As another lengthy hearing before the Oak Park Zoning Board of Appeals drew to a close last week, Richard Martens, counsel to the ZBA, issued this plea to Vineyard Church and the neighbors who are fighting the church’s proposed addition.

“I would just encourage the parties to sit down and talk,” Martens said. He was hoping the church, located at the corner of Jackson Boulevard and Wesley Avenue, and the neighbors could come to some sort of agreement that would spare the ZBA from making a controversial decision that might lead to protracted litigation.

“This is a very complicated case that we have here,” said Martens. “Litigation is not always the best alternative. Some people think it solves a lot of problems. It seems to me that it creates a lot of problems.”

As of Monday afternoon, it was unclear whether any additional talks between the neighbors and the church would take place. Martens is hopeful talks can help resolve the case that the ZBA has been considering since April.

“This is not something we’ve done before,” said Martens. “But it’s something that I’ve seen prove to be useful in other situations.”

Vineyard Senior Pastor David Frederick said he is willing to talk again with his neighbors.

“We’re quite open to that,” Frederick said Friday. “I’ve told our lawyer to talk to their lawyer, Mr. [David] Butman, to start something. “I feel like we’ve tried to work with them. We’ll continue. I’m very open to talking.”

But by Monday afternoon no talks had been arranged and Butman said he had not heard from Richard Baker, the lawyer representing Vineyard.

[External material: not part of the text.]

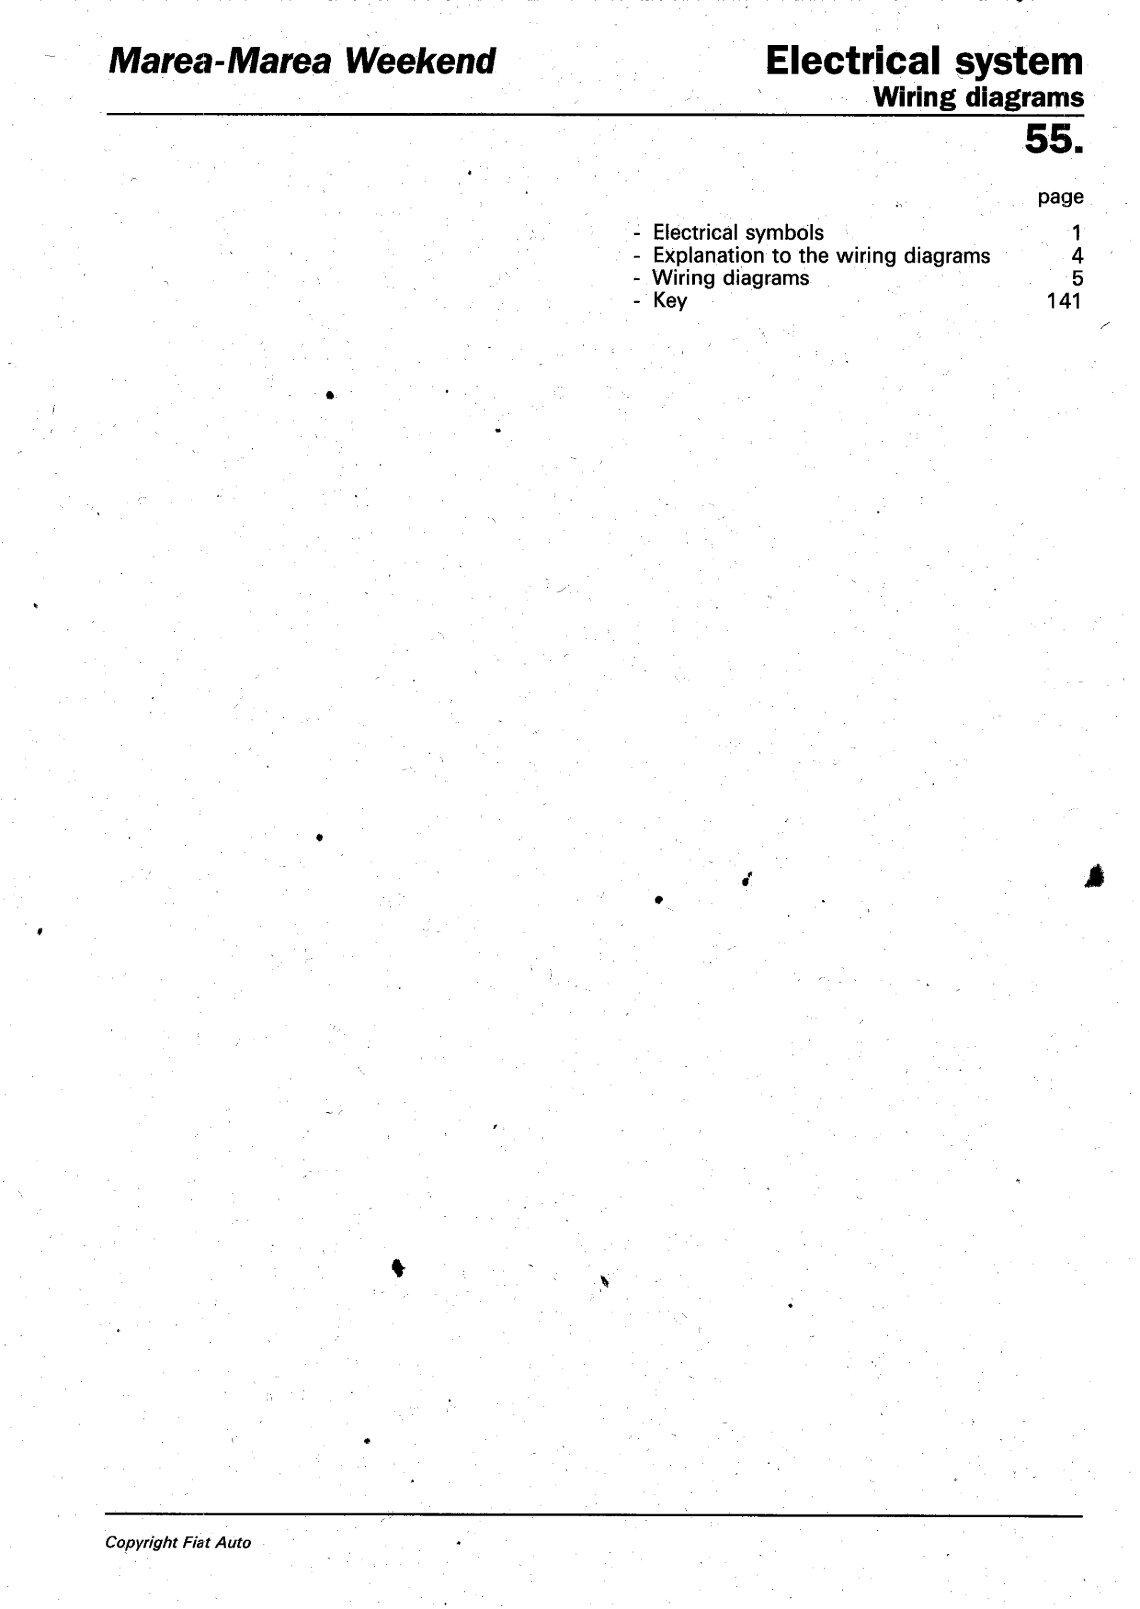 hight resolution of fiat palio weekend wiring diagram question about wiring diagram u2022 1977 fiat 124 spider wiring diagram fiat palio wiring diagram pdf

“I have not received any calls as yet,” Butman said Monday afternoon. Butman who lives a half block from the church is a commercial litigator for the Loop law firm of Lord, Bissell & Brook. He is representing the neighbors’ case strictly in his capacity as a neighbor and is not being paid for his services.

Butman said he is not sure if talks would help at this point.

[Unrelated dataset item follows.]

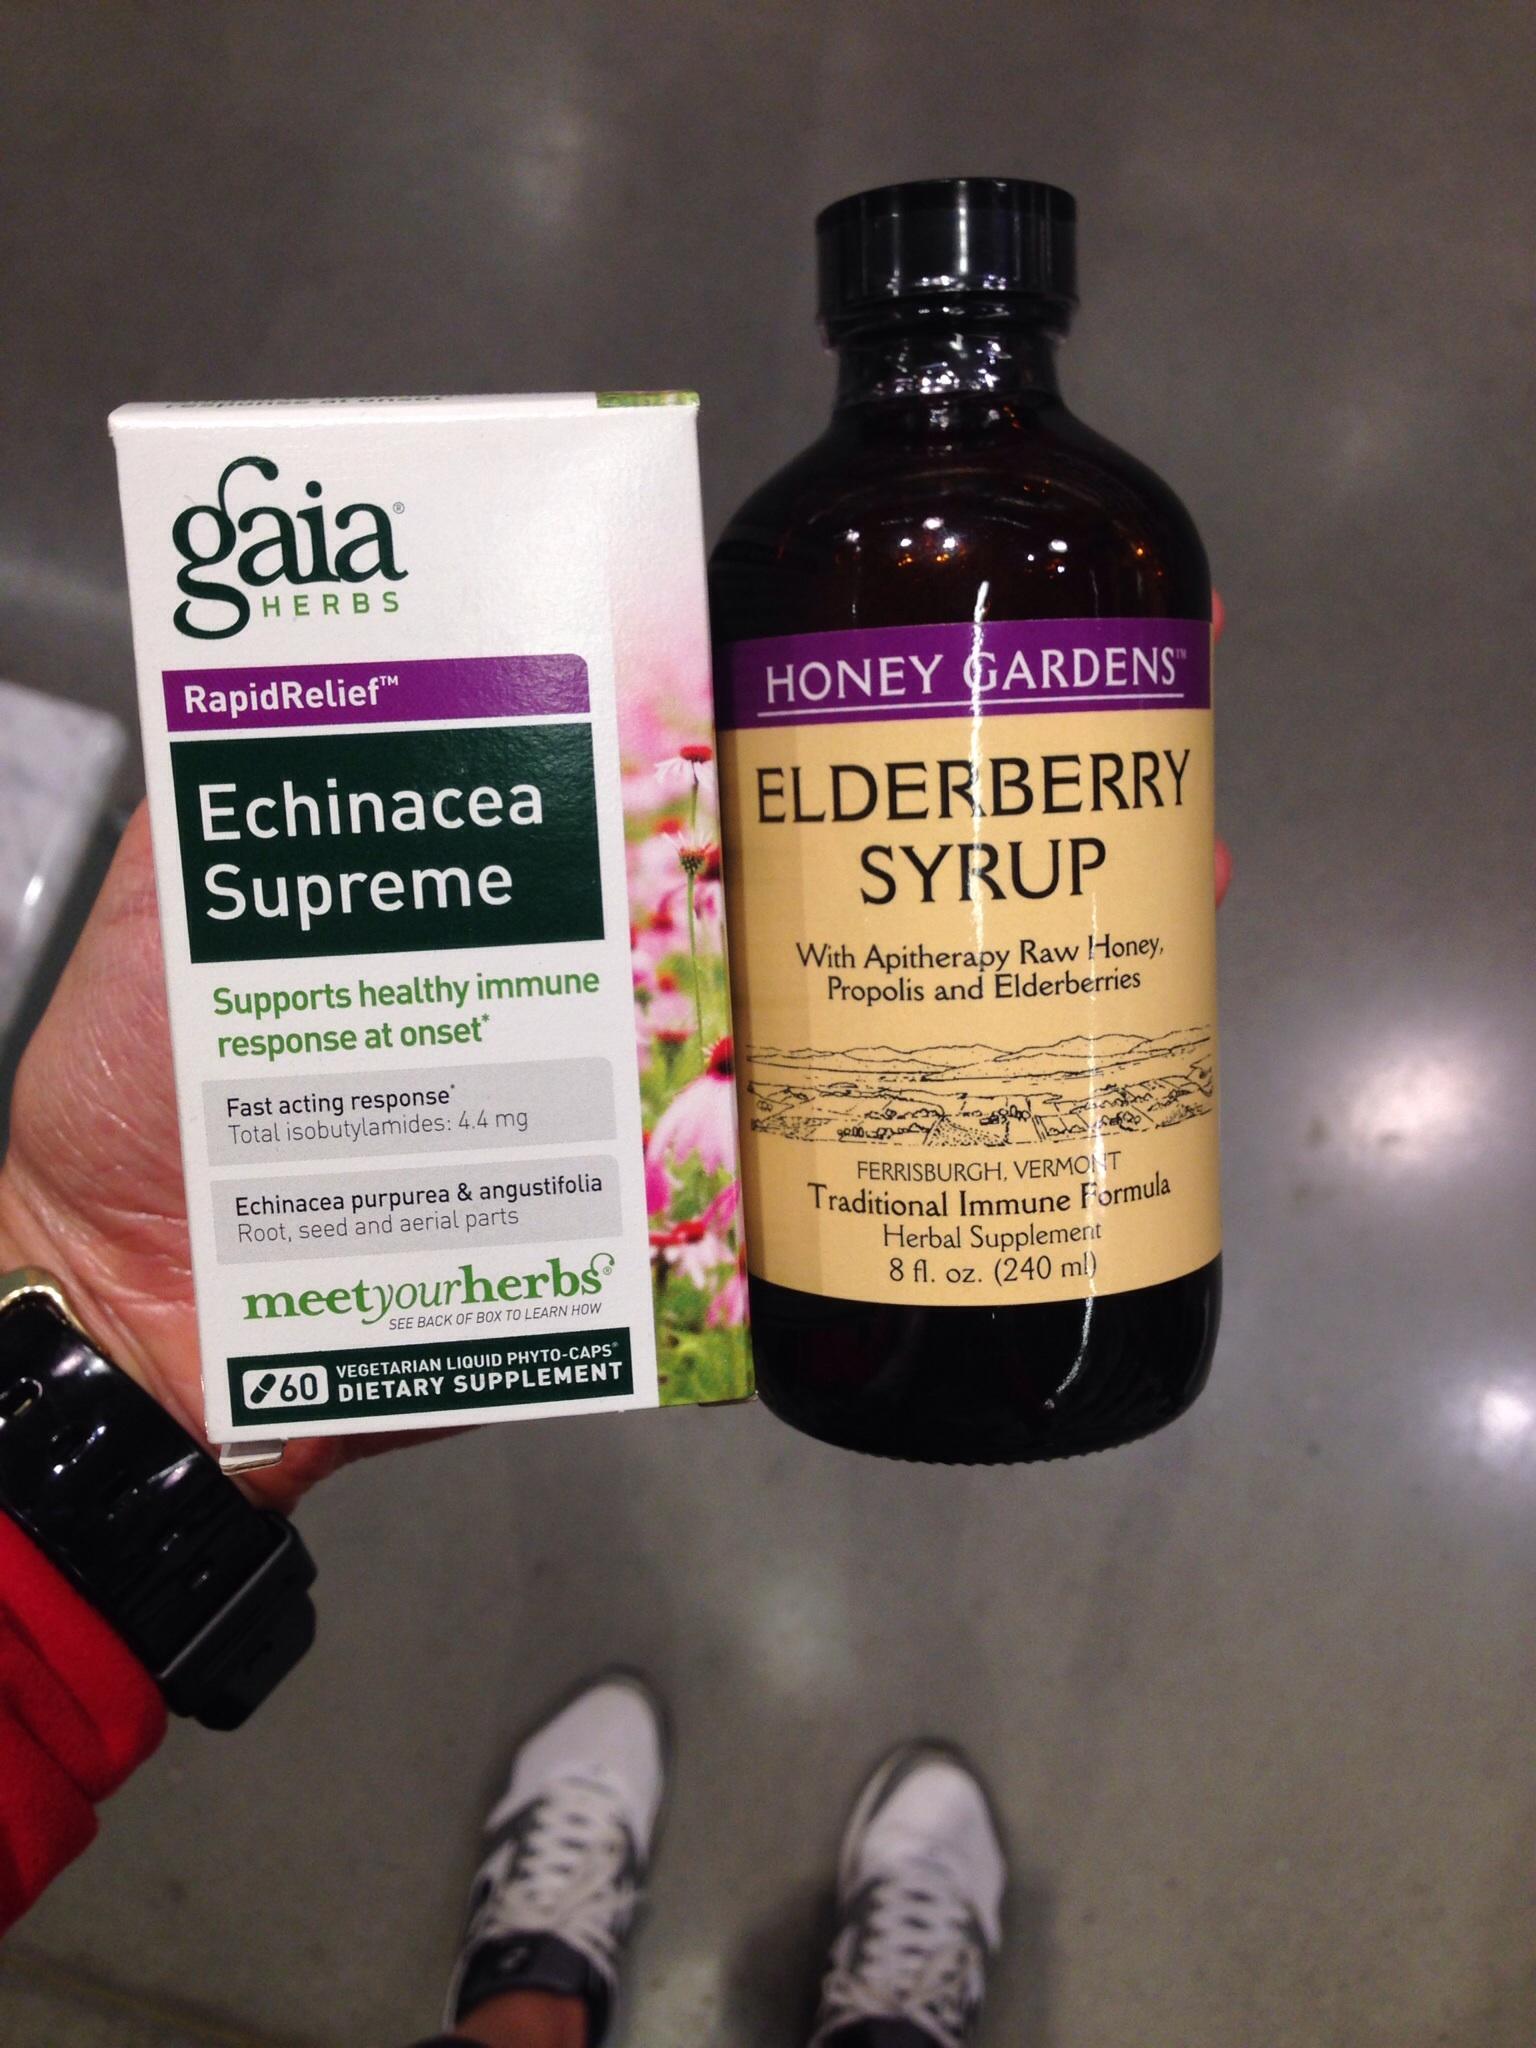 Echinacea + Elderberry Syrup

“There is no point in doing anything if there is no compromise on Vineyard’s part,” said Butman. “We have to see if there are any concessions we can make on our part. The village would have to play a prominent role.”

Vineyard is asking for three variances that would allow them to tear down a house at 707 Wesley Ave., which the church bought in 2005 for $462,000 after making an unsolicited offer. Vineyard is requesting three variances that would allow it to build a 12,000-square-foot addition to the church, to be used for religious education and provide the church with meeting and office space.

Vineyard has occupied the gothic-style church since 1997. About 400 people attend church there in two Sunday services according to Frederick. Neighbors have expressed concern that the addition will make worse an always congested parking situation and alter the character of the quiet residential block. They have also expressed concerns about how large Vineyard will become, noting the village has estimated that the new addition could accommodate 2,114 people for purposes of entrance and egress.

But Frederick testified last week that the church does not have adequate space for its current needs. One pastor at the church works out of a closet, Frederick said.

“Every room we have is doing double or triple duty,” he noted. “We don’t have enough rooms. We have three people in a 10 x 10 room. That is our office.”

The ZBA will listen to closing arguments on July 12 and is expected to make a decision then. They are considering legal briefs addressing the issue of whether zoning requirements are different for churches than other property owners and whether Oak Park’s zoning requirements place a substantial burden on the free exercise of religion which is protected by the 1st amendment to the Constitution.

“It’s an interesting constitutional question, and it would take a long time to resolve,” said Martens.